# Gellidêg Mansion, (also known as Gelly Dêg), Llandyfaelog, Wales



## R1cho (Jan 19, 2016)

Hi, I found this completely by accident traveling to a friends wedding and took a wrong turn, its an old mid Victorian Italianate mansion designed by William Wesley Jenkins built around a late Georgian house (1852).

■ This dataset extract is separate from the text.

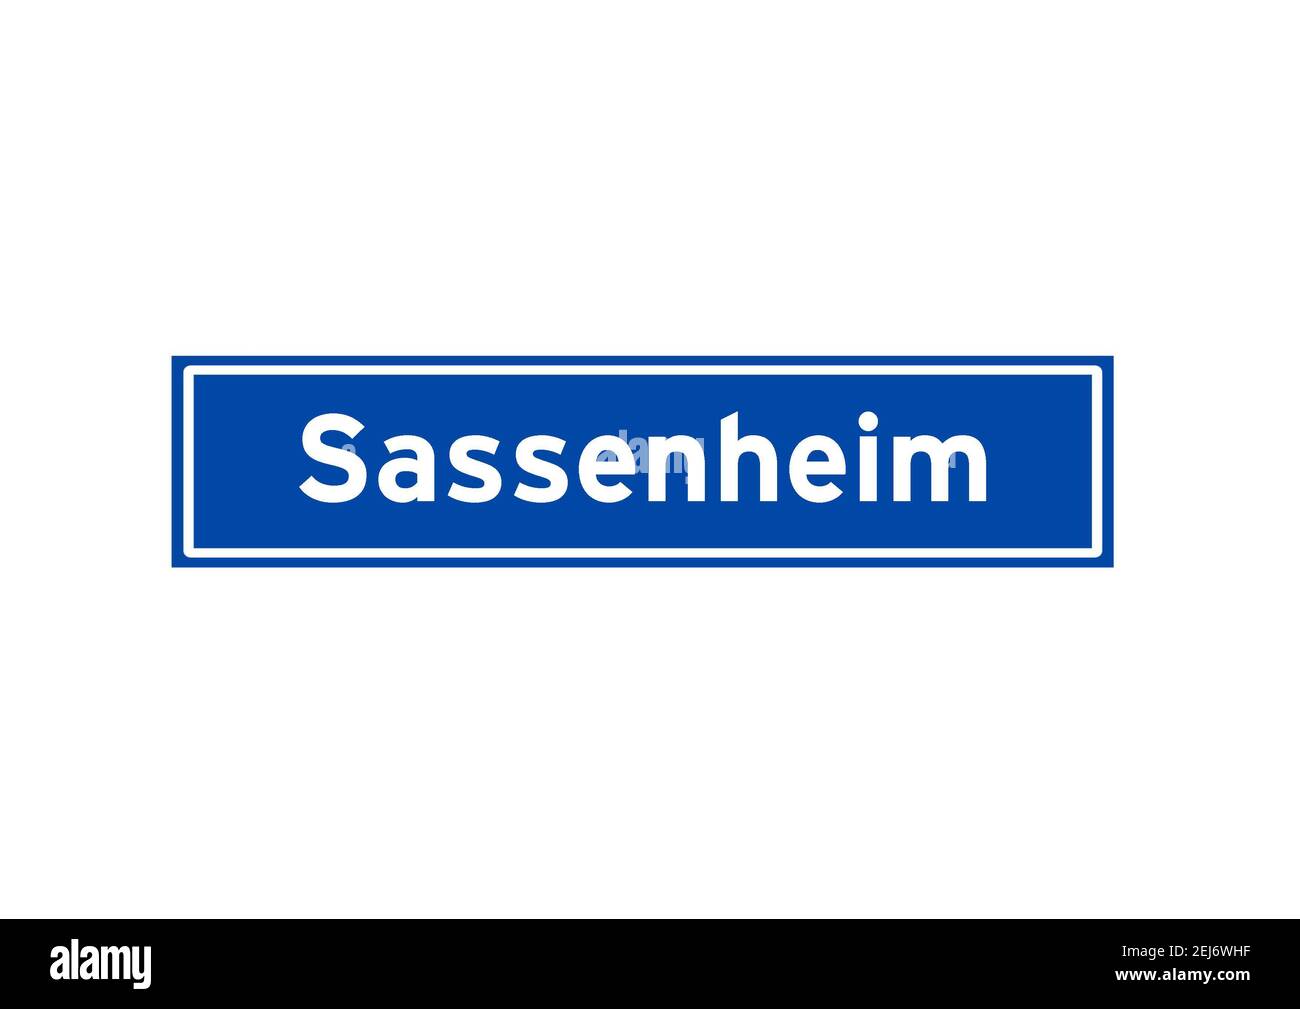 Sassenheim isolated Dutch place name sign. City sign from the Netherlands. Stock Photo
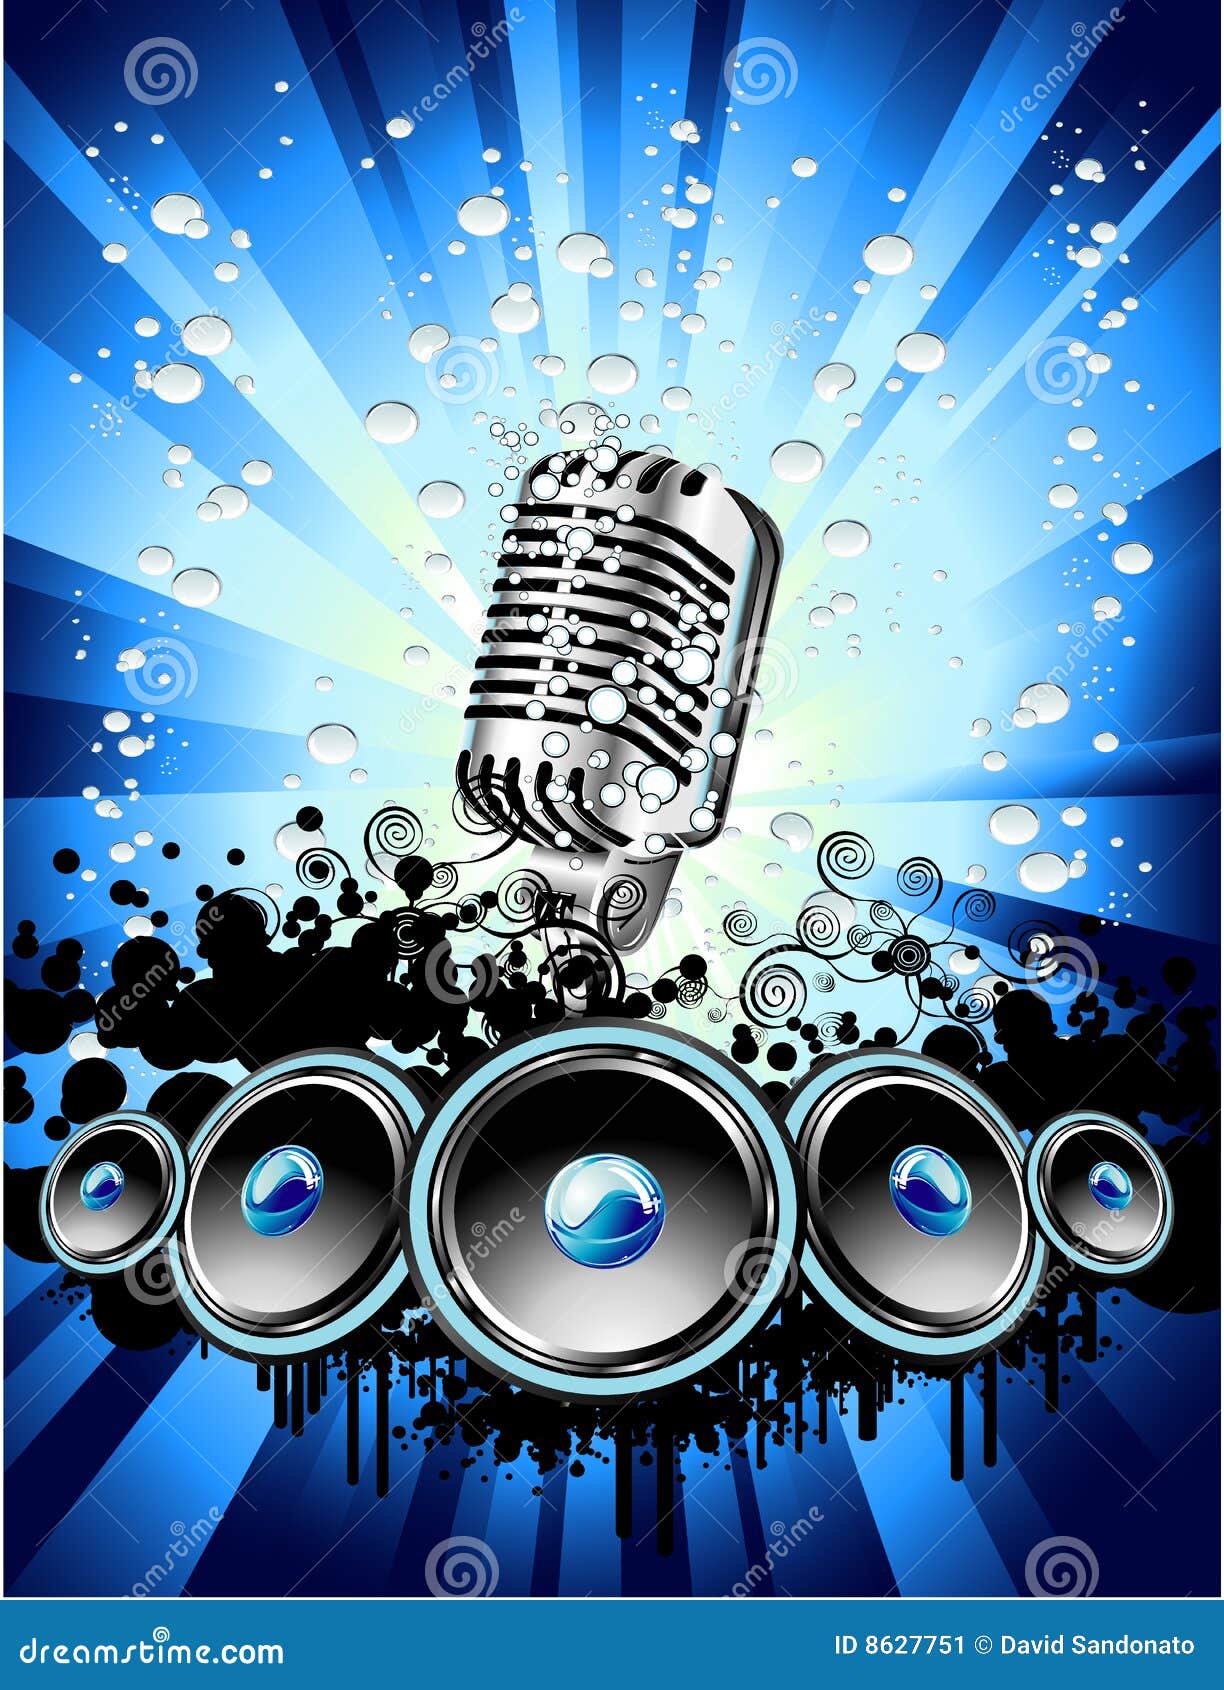 music event clipart - photo #12

Ariel Photo (Thanks to google)






A lot of the outer walls and inner walls are still intact, unfortunately there is nothing else inside other than plant life






Even though this is ruins the gardens still seem to be kept in good order, possibly by the owners of the building adjacent they may even be the family that owns the old mansion 
















This is inside as you can see all the floors etc. are now missing











Some rooms even have trees





















as can be seen here it has some very large plant life






The frontage of the mansion


























Well this has been my first post on here, I hope you have enjoyed it


----------



## krela (Jan 19, 2016)

I did enjoy it. Thank you and welcome.


----------



## Rubex (Jan 19, 2016)

That's really lovely! I love it when nature reclaims buildings like this  fantastic photos also!


----------



## urban-dorset (Jan 19, 2016)

Beautiful ruins.


----------



## smiler (Jan 19, 2016)

That is nice, the large plant is a Gunners minicata, sometimes known as dinosaur food, probably escaped from the garden, Thanks


----------



## URBANMYTH (Jan 19, 2016)

Very nice great report and what a stunning place.
Some really nice stonework


----------



## ocelot397 (Jan 19, 2016)

Nice photos, another mansion sadly left to decay...


----------



## thorfrun (Jan 19, 2016)

erm...thats like 4 miles from my house and i didn't know it was there  lol. nice shots


----------



## ironsky (Jan 19, 2016)

The house has a slight 'Osborne House ' feel to it . The tower was a popular feature in Italian house style architecture and arched windows were quite popular too I bet the inside was grand in its day. Nice report


----------



## J_a_t_33 (Jan 20, 2016)

Wow, what an incredible find! Thanks


----------



## UrbanX (Jan 20, 2016)

Welcome to the forum! What a beautiful folly, 
Thanks for sharing


----------



## flyboys90 (Jan 20, 2016)

Amazing find and thanks for sharing.


----------



## HughieD (Jan 21, 2016)

That's fab. Thanks for sharing!


----------